SVJ: A peça unlovable (2 heartbreakers) apresentada na sua última exposição individual é também um retrato muito sui generis da nossa sociedade?

PC: Eu penso que essa peça 2 heartbreakers, em que eu coloco dois berbequins a tentarem dar um beijo, reflecte a possibilidade de dois instrumentos do mundo industrial, frios e pesados, poderem conter qualquer emoção próxima do humano. Eu penso que a metáfora dessa instalação é a do mundo real em que nós vivemos. Estamos a destruir tudo à nossa volta, isso começa a ser um processo consciente e, no entanto, já não temos forma de o parar, ao limite a sociedade será um “heartbreaker” em potência. A tendência é a de ir ao encontro do desamor e não do amor, mas na vida tudo surge pelo amor e senão houver amor haverá uma ansiedade constante, uma permanente busca de qualquer coisa. Se perdermos a sua referência, e acho que estamos a perder, essa procura tornar-se-á cada vez mais difícil. Eu penso que aquela peça também é paradigmática do meu trabalho porque traduz não apenas a materialização de um sentimento físico, como também salienta a improbabilidade da comunicação. Se uma mensagem for comunicada a um grupo de pessoas numa mesma sala, a probabilidade de ela chegar a cada uma delas é diminuta, talvez chegue a uma pessoa. E estamos a falar de um micro-sistema, se imaginarmos isso em termos globais percebemos que a comunicação é difusa e o seu raio de abrangência  aleatório. E se estamos já de partida a complicar o difícil mecanismo de comunicação mais complicado se tornará o problema.

SVJ: Na sua última exposição individual trabalhou em colaboração com outros artistas. É uma forma de superar distâncias?

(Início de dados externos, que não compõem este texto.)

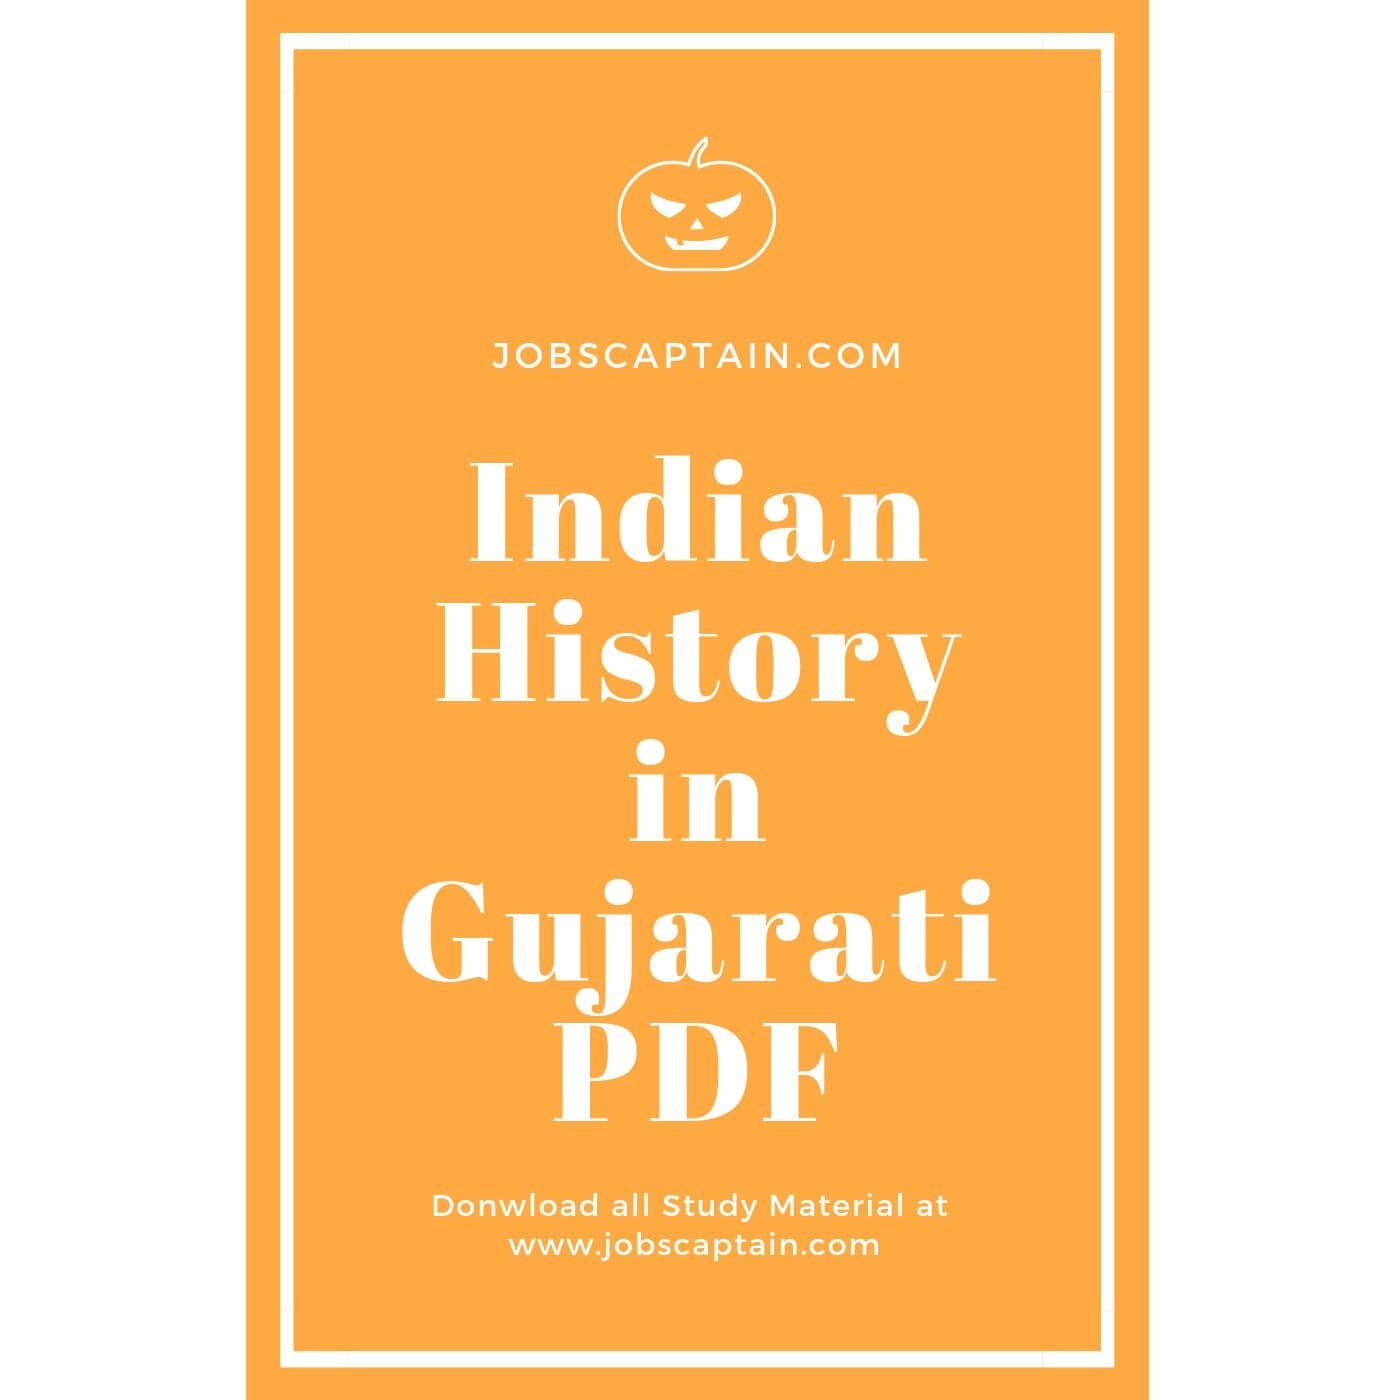 Indian History in Gujarati pdf
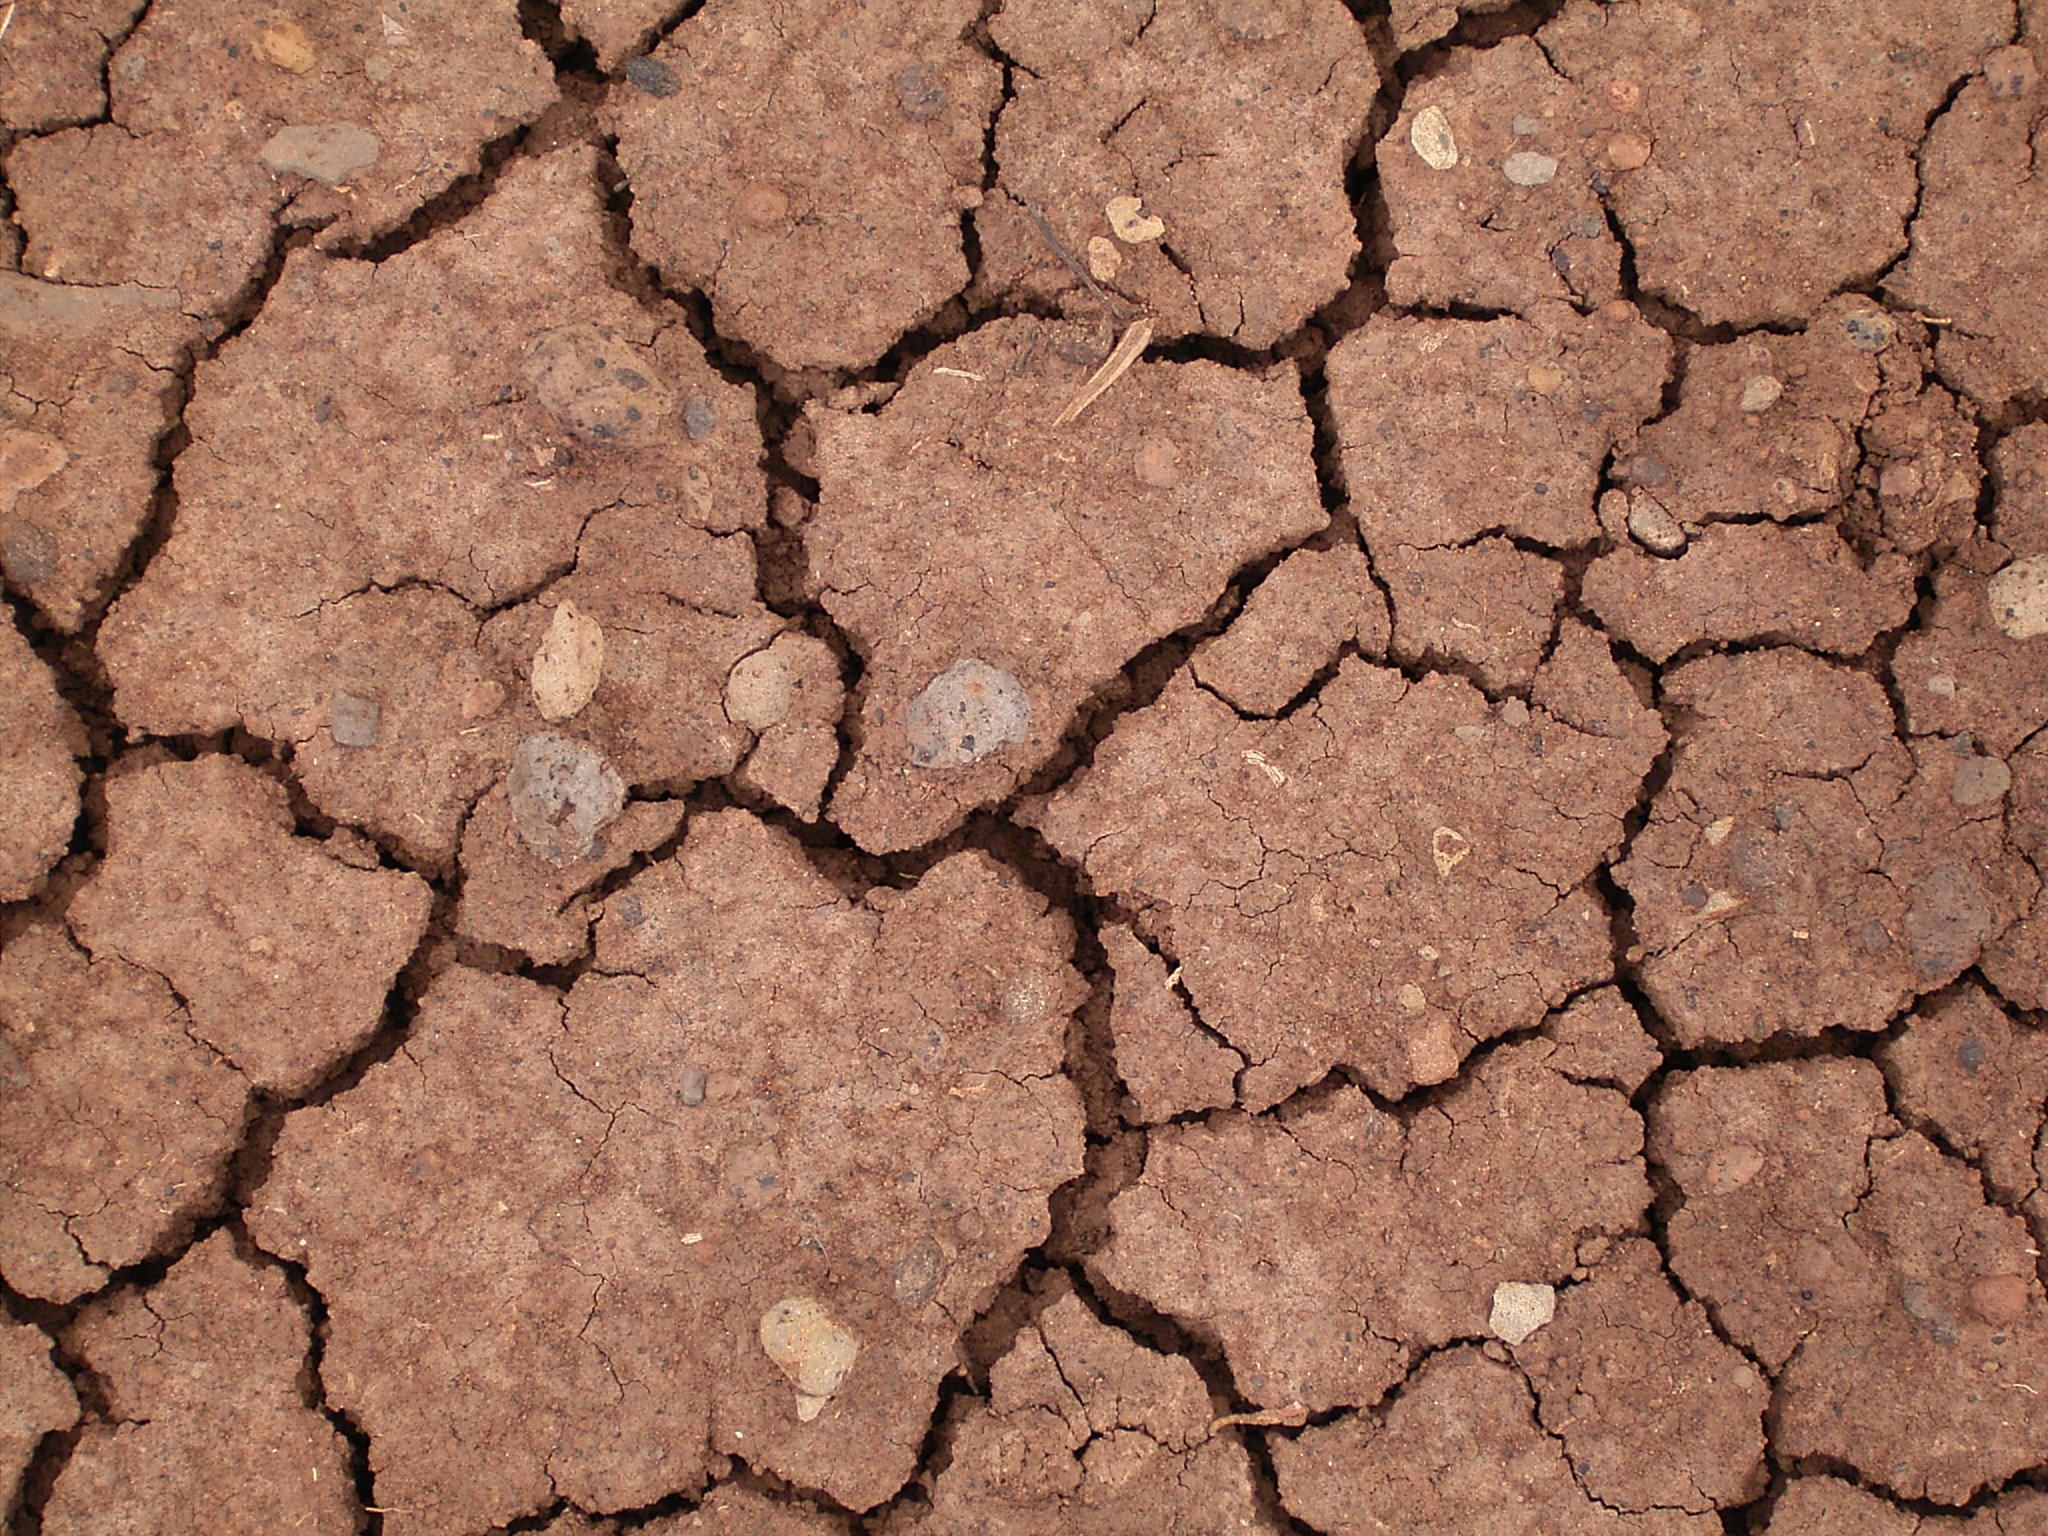 File:Dried mud (La Fajana) 01 ies.jpg - Wikimedia Commons

PC: Eu recuso-me a pensar que os artistas sejam pessoas solitárias e introspectivas, com um mundo próprio, intransponível e incompreensível. Continuo a acreditar que a compreensão, a disseminação, a festa e a alegria são possíveis. Quando convido outros artistas para trabalhar comigo, tento fazer algo que vá de encontro à actual situação em que nos encontramos, procuro combater o  individualismo e resolver os problemas junto com outras pessoas. Isso tanto vale para a vida como para a minha arte. Quando colaboro com outras pessoas, penso sempre que vou ficar mais rico e, eventualmente, que os objectos que vou fazer também, já que por princípio eles irão resultar de um processo reflexivo mais participado.